■ **WORK TO COMPLETE**
The data must be reproduced verbatim; images are to be omitted.

■ **DATA BLOCK**
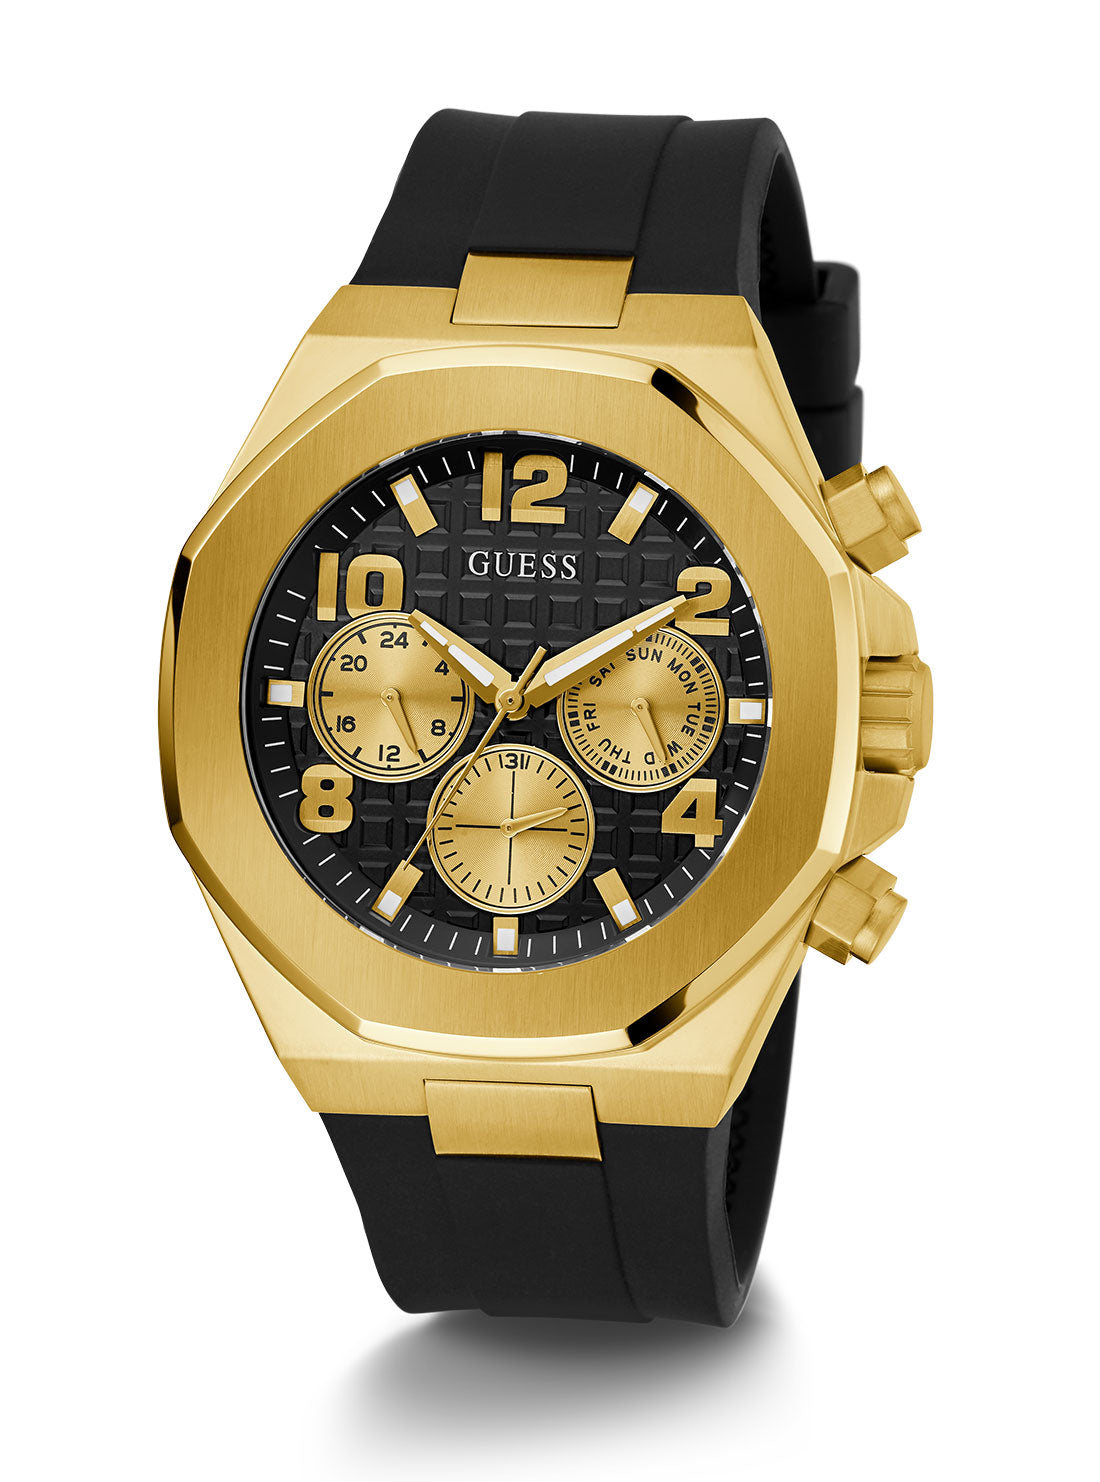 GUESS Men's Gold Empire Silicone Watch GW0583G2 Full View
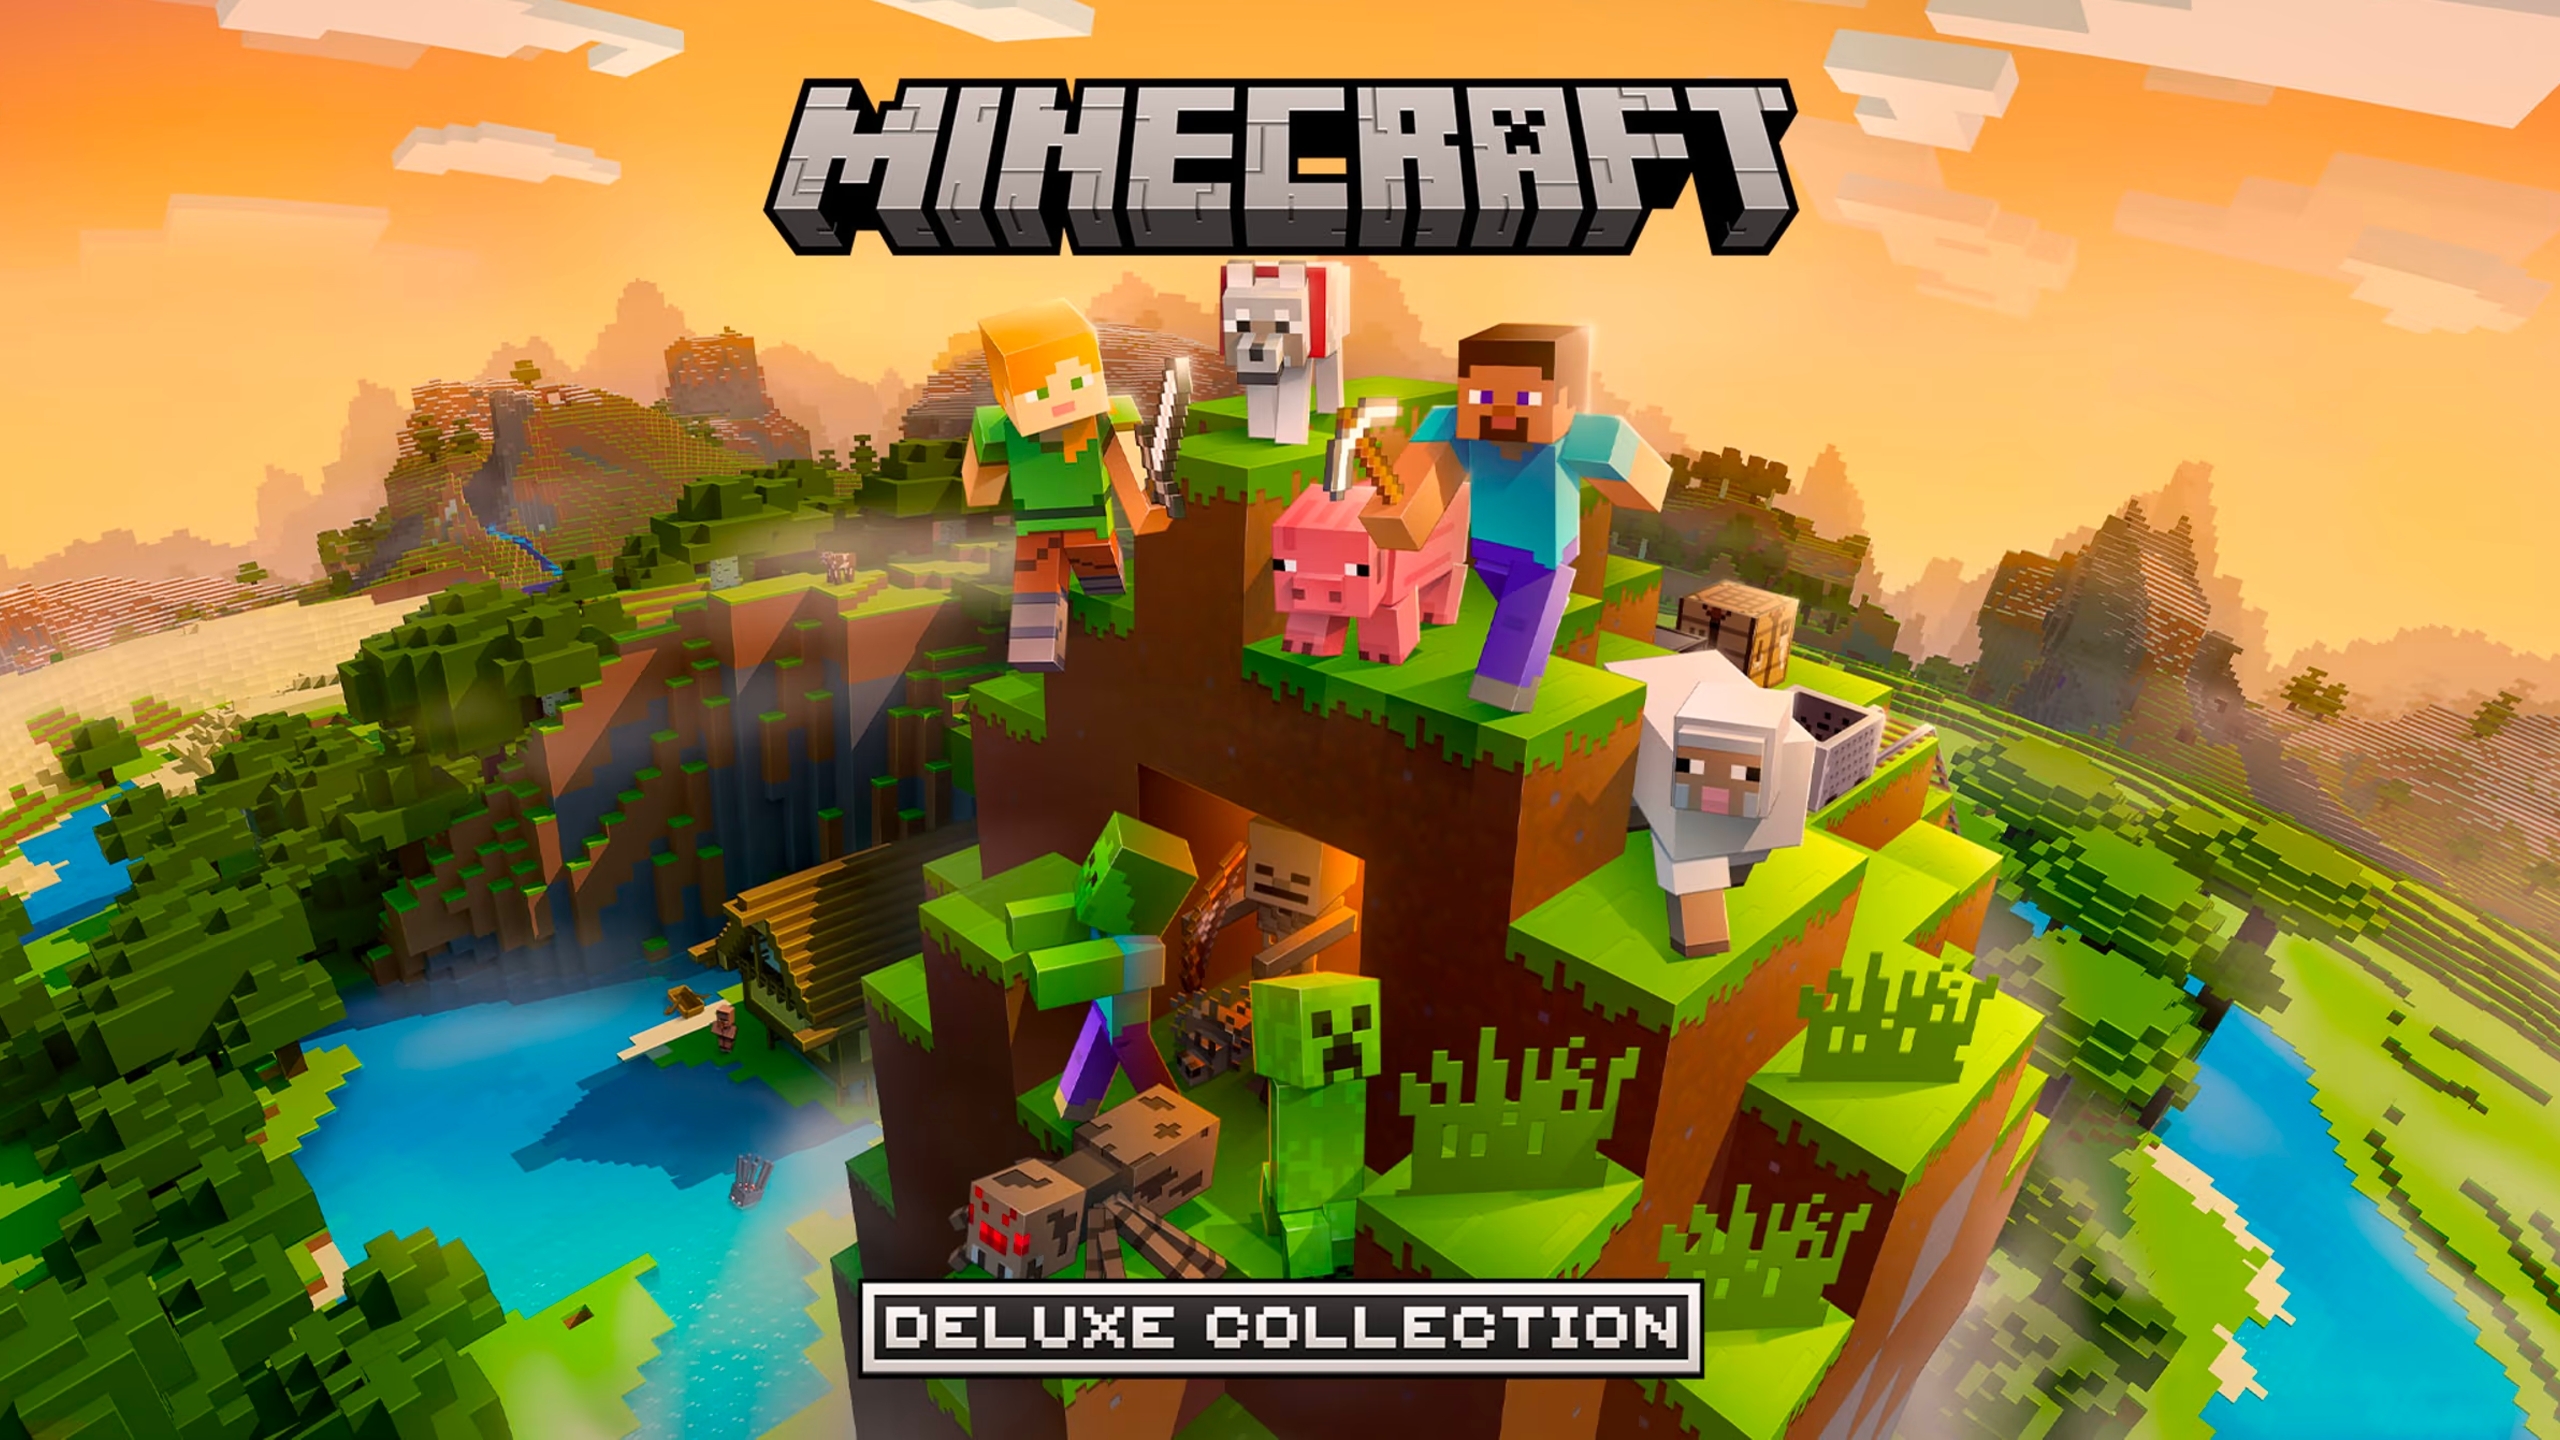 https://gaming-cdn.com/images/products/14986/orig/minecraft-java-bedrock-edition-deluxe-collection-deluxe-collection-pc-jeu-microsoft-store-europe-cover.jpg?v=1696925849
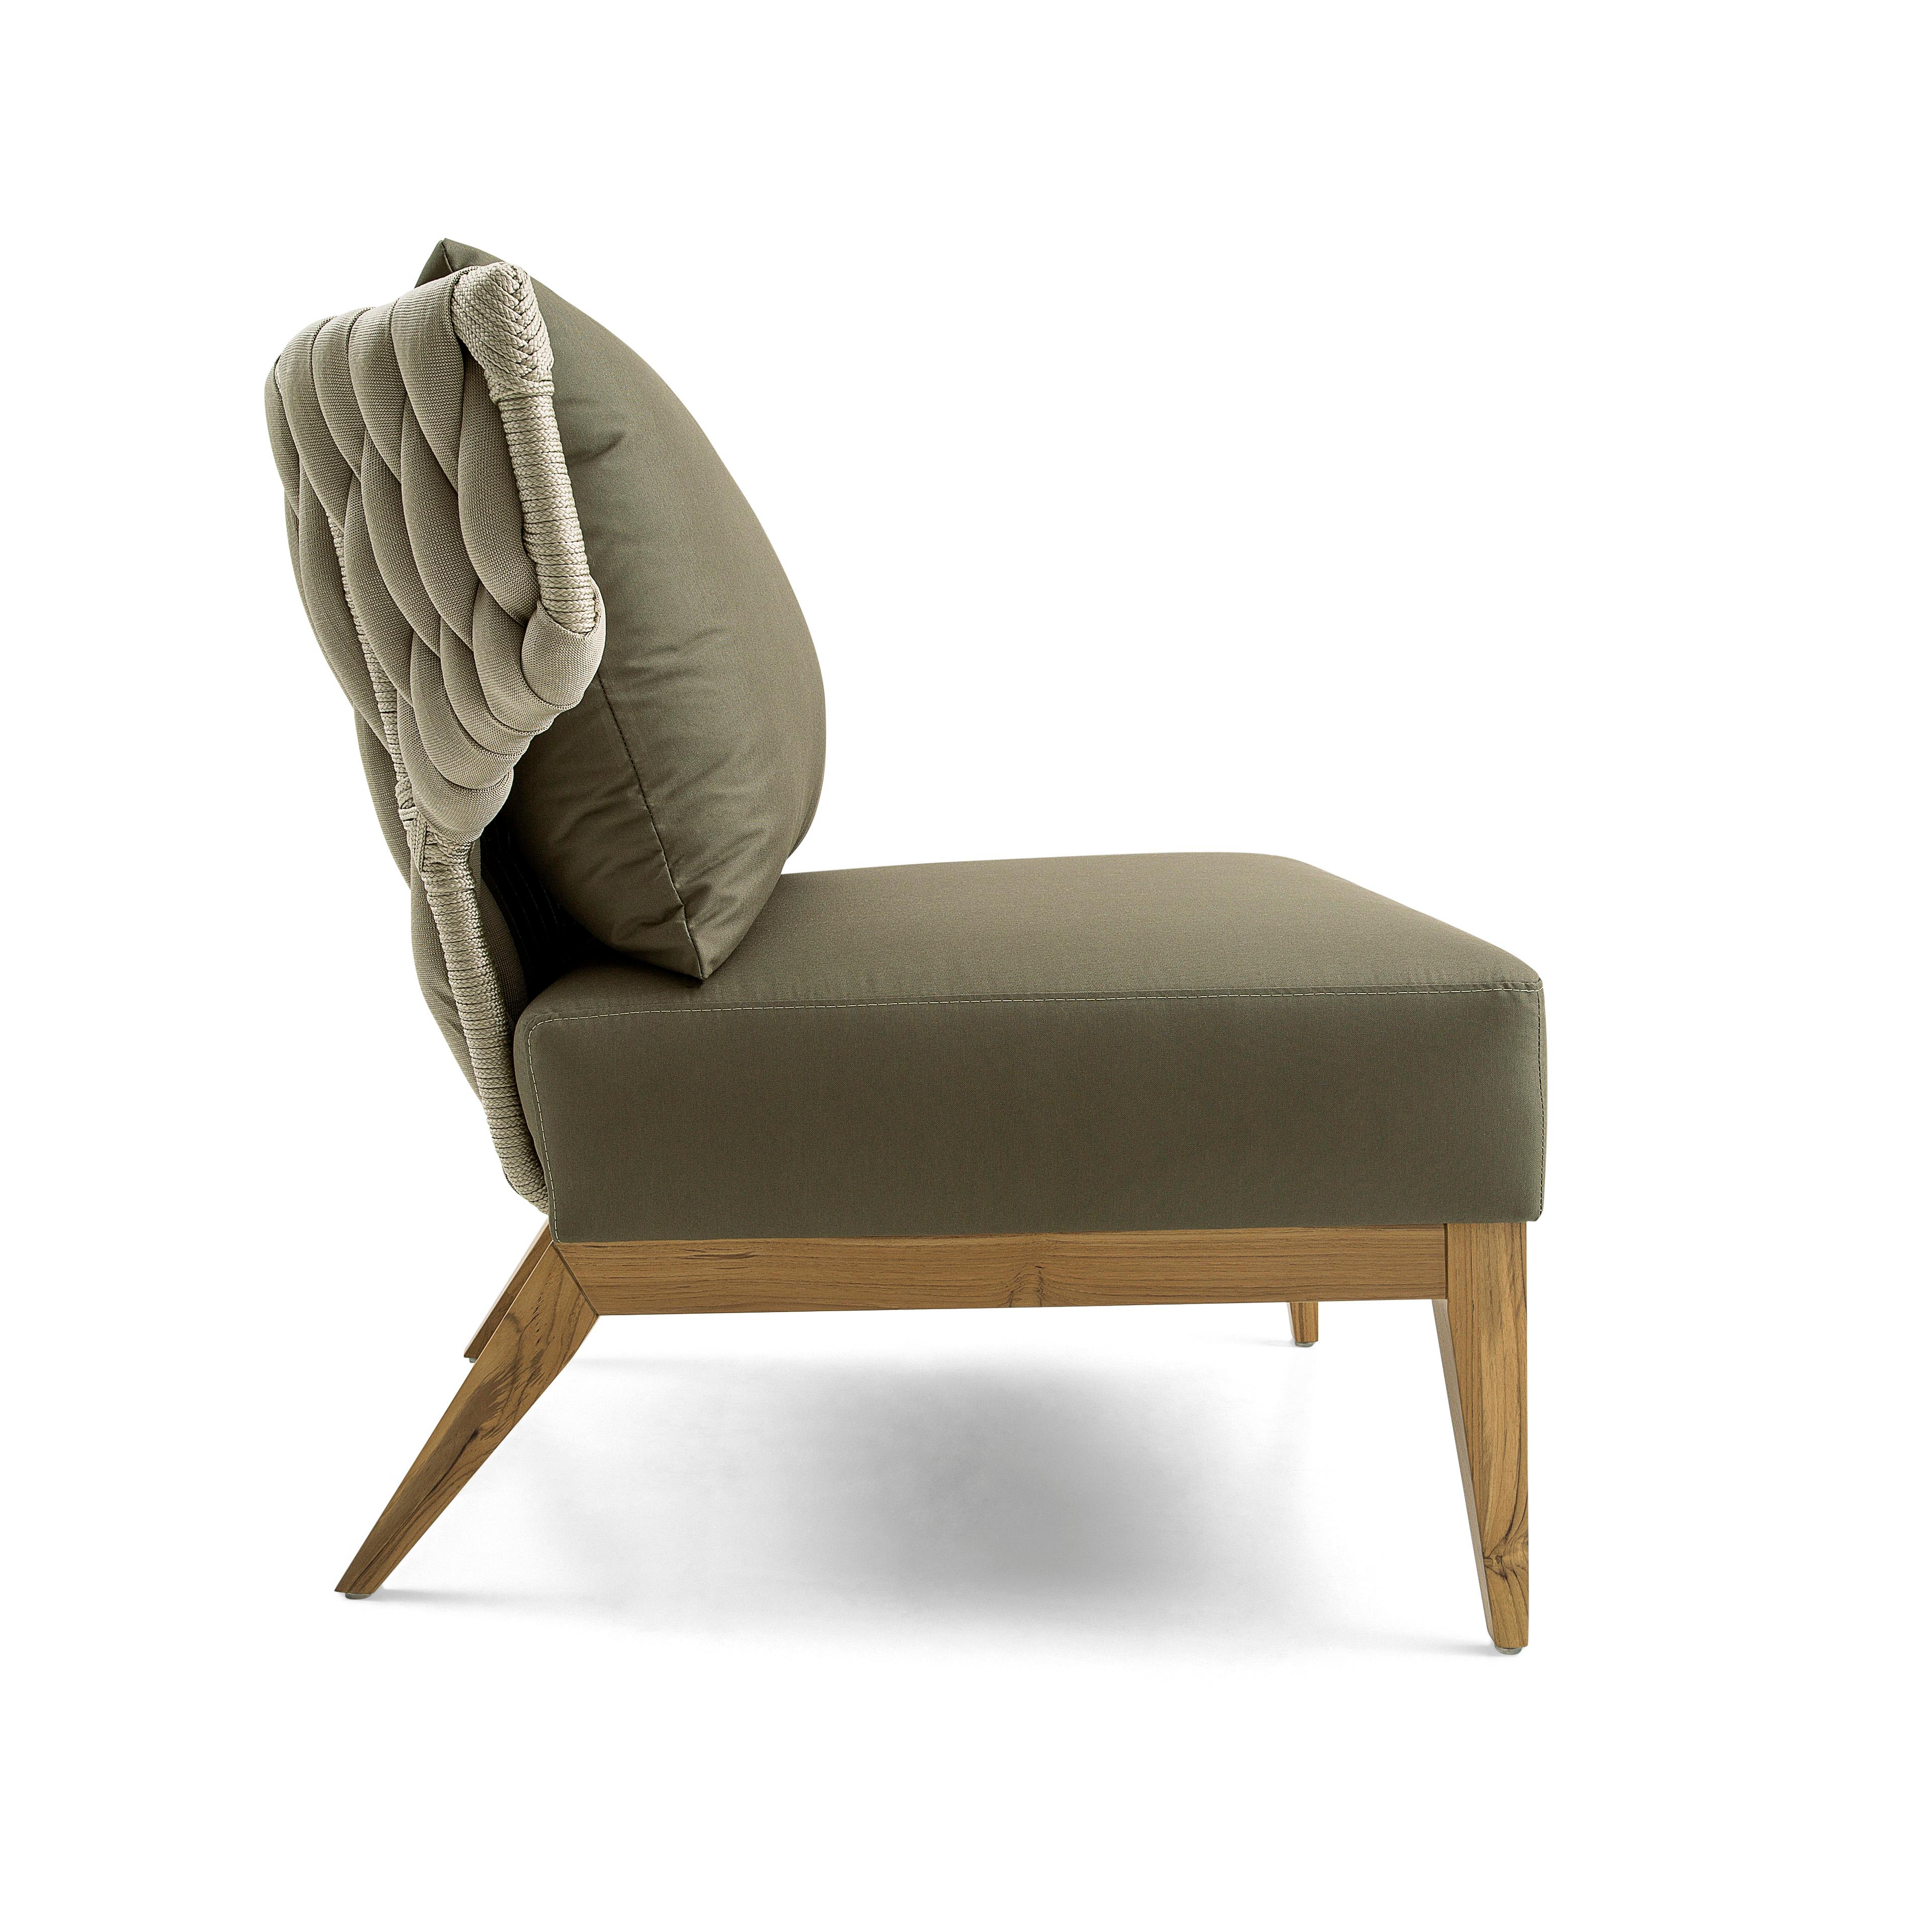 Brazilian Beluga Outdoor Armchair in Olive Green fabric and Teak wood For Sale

■ **ANSWER BELOW**
 GUESS Men's Gold Empire Silicone Watch GW0583G2 Full View
 https://gaming-cdn.com/images/products/14986/orig/minecraft-java-bedrock-edition-deluxe-collection-deluxe-collection-pc-jeu-microsoft-store-europe-cover.jpg?v=1696925849
 Brazilian Beluga Outdoor Armchair in Olive Green fabric and Teak wood For Sale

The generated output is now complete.